• Exercise details: Word for word, output the data, with none of its pictures.

• Data extract:
■ ■ ■ ■ ■ ■ ■

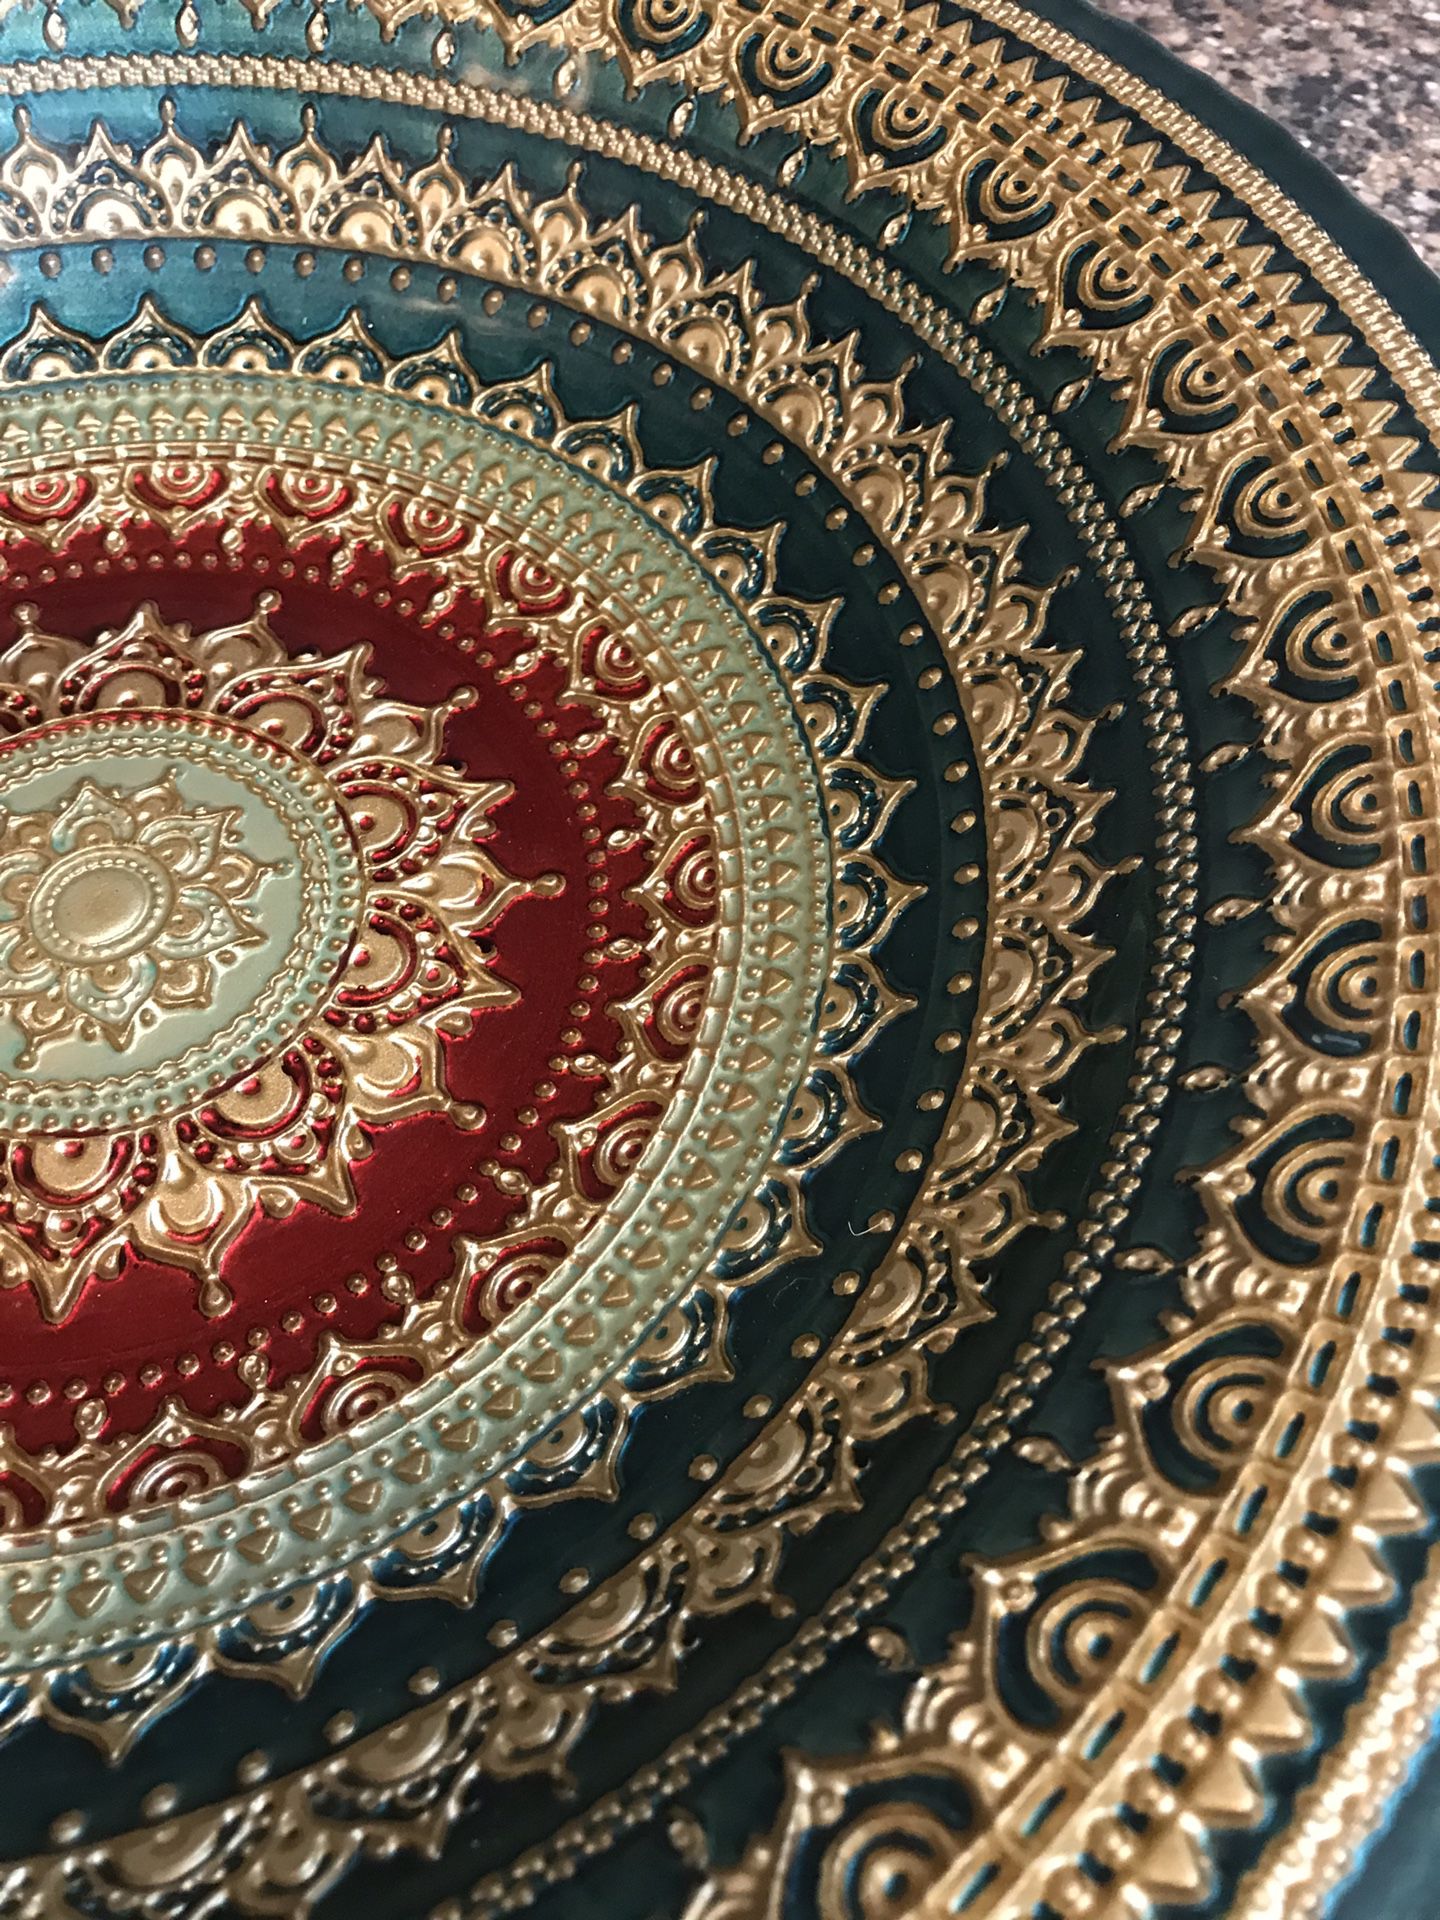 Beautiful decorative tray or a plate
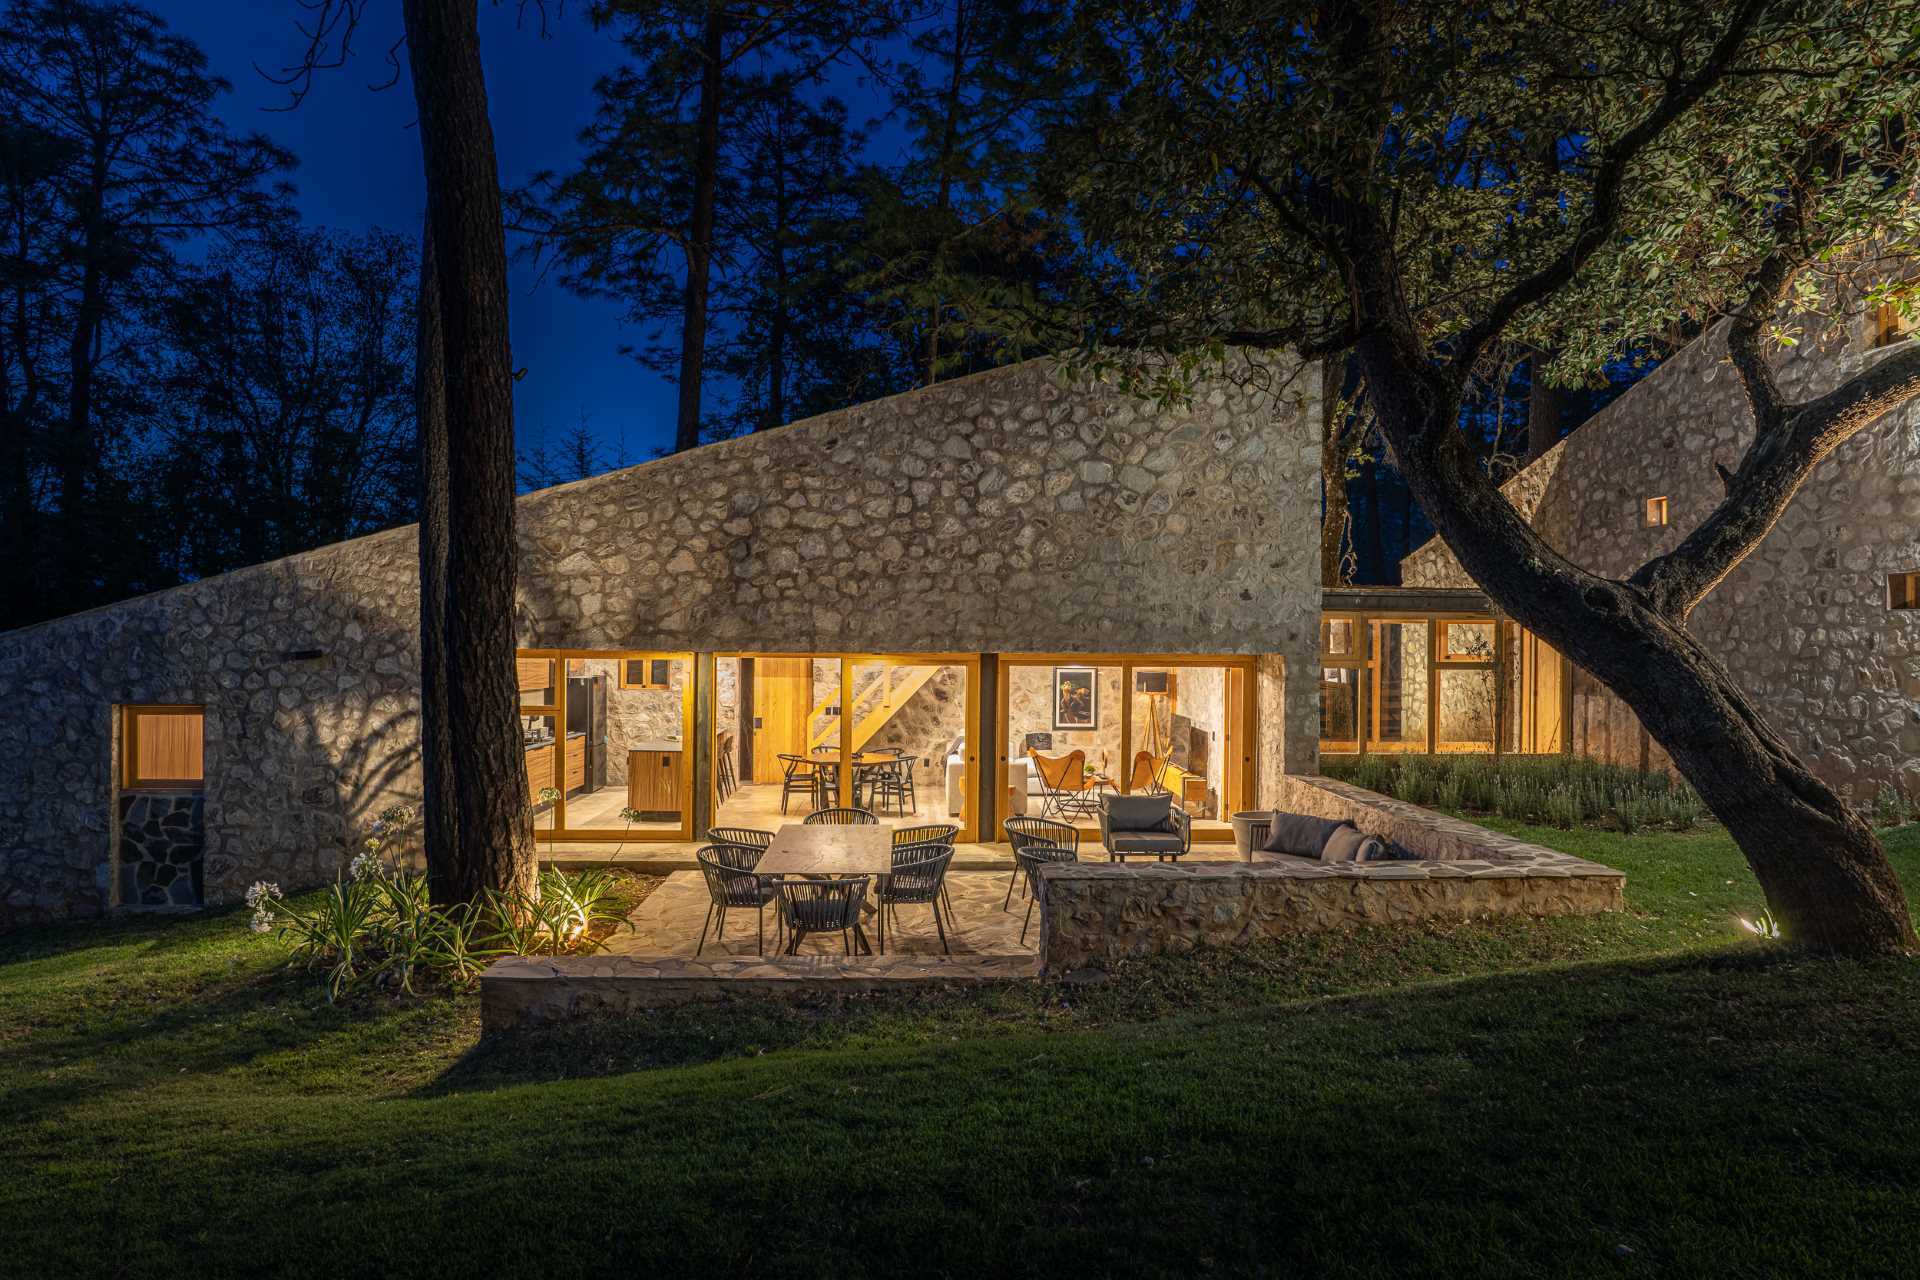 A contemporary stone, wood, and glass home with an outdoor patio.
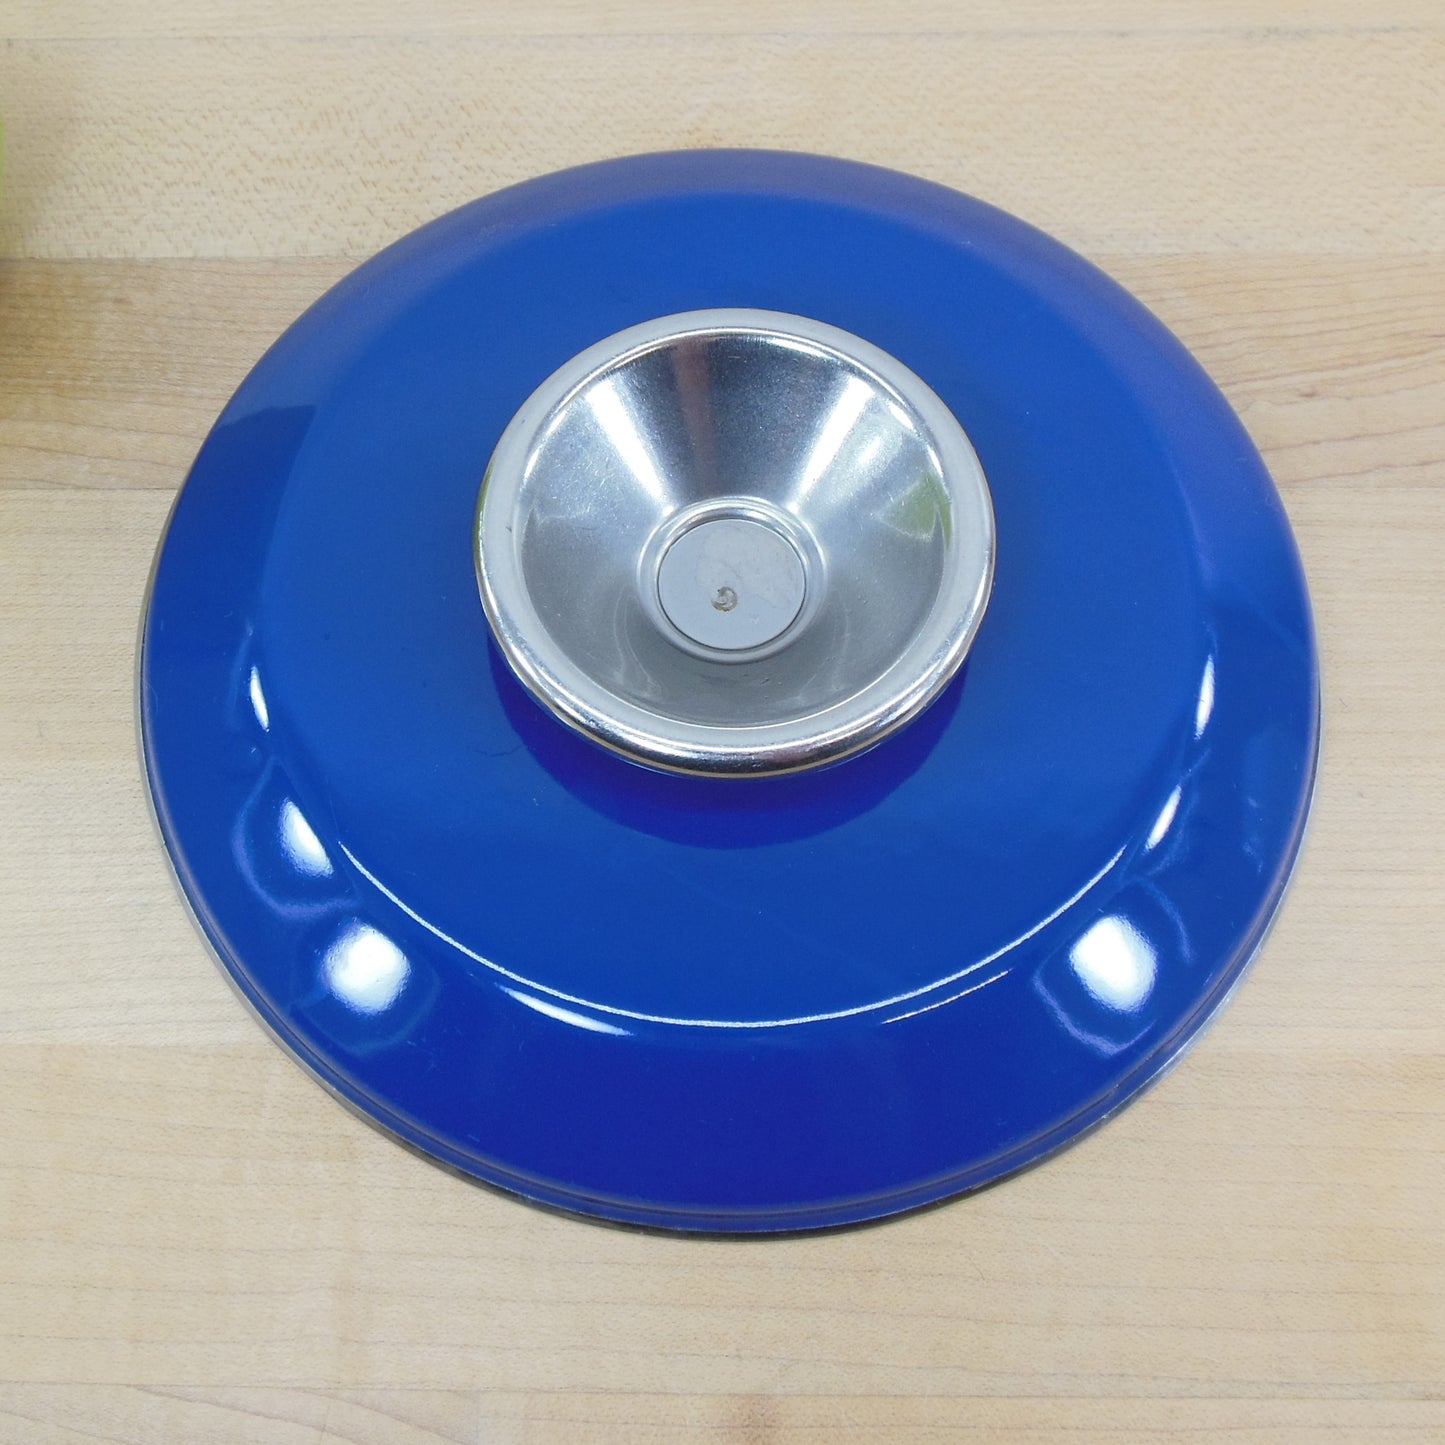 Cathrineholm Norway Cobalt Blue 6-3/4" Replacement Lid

■ ■ ■ ■ ■ ■ ■

• Task response:
 Beautiful decorative tray or a plate
 A contemporary stone, wood, and glass home with an outdoor patio.
 Cathrineholm Norway Cobalt Blue 6-3/4" Replacement Lid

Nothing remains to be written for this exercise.